INSTRUCTIONS FOR THE TASK >> Each line in the data holding "Series" should be listed.

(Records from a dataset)
>>>

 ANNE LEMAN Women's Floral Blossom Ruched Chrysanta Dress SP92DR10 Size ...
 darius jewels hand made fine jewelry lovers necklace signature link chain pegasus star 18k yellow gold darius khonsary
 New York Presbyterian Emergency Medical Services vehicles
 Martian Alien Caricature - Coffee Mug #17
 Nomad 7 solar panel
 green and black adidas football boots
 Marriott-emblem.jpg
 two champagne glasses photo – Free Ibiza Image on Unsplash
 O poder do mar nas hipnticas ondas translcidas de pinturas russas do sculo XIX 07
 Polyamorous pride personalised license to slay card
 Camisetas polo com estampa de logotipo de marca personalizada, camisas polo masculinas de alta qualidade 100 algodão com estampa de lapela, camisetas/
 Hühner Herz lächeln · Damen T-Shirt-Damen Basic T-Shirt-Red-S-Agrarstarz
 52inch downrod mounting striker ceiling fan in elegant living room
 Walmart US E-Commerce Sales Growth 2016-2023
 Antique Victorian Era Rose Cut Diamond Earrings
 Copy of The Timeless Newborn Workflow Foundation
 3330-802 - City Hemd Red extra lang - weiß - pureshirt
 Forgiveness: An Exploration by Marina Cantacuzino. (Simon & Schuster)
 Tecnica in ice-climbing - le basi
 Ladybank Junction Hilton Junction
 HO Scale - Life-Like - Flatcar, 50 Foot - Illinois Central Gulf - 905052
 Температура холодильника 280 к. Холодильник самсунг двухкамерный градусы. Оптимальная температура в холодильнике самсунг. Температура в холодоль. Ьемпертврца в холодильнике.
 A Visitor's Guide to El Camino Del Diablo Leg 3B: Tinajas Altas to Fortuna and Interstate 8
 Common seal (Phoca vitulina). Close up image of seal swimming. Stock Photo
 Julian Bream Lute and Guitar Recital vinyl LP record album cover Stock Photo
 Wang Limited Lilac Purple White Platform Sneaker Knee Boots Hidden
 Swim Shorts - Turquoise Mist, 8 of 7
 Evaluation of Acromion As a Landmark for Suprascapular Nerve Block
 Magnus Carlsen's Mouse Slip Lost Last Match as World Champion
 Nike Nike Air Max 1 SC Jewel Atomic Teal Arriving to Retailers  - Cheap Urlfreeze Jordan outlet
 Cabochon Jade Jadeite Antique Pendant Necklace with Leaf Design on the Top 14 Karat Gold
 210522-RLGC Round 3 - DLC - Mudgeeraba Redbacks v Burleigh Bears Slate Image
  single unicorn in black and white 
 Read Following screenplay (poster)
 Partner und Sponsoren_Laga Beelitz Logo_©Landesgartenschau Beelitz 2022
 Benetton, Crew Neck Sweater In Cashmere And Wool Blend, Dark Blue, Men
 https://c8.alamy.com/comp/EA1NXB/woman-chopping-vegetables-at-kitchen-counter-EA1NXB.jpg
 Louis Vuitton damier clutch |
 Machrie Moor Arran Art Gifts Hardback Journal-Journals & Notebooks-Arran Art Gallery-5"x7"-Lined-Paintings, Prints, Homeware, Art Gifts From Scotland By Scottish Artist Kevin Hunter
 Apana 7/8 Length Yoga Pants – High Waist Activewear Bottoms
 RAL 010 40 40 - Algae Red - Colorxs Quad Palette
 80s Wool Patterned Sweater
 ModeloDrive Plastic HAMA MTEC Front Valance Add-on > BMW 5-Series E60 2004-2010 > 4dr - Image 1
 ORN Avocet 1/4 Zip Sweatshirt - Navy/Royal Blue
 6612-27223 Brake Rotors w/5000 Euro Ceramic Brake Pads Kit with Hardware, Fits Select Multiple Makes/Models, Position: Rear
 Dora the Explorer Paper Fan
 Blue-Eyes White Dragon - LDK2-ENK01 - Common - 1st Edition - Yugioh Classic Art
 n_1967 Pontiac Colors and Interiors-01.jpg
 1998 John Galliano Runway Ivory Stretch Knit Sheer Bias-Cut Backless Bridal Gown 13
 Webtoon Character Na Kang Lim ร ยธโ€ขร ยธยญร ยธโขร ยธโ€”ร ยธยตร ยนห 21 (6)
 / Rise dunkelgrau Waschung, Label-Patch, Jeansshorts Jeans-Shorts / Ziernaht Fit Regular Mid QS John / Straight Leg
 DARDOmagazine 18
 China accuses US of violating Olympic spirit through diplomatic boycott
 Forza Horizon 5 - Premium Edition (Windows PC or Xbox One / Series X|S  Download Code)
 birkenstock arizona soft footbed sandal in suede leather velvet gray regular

<<<

EXPECTED ANSWER >>
 ModeloDrive Plastic HAMA MTEC Front Valance Add-on > BMW 5-Series E60 2004-2010 > 4dr - Image 1
 Forza Horizon 5 - Premium Edition (Windows PC or Xbox One / Series X|S  Download Code)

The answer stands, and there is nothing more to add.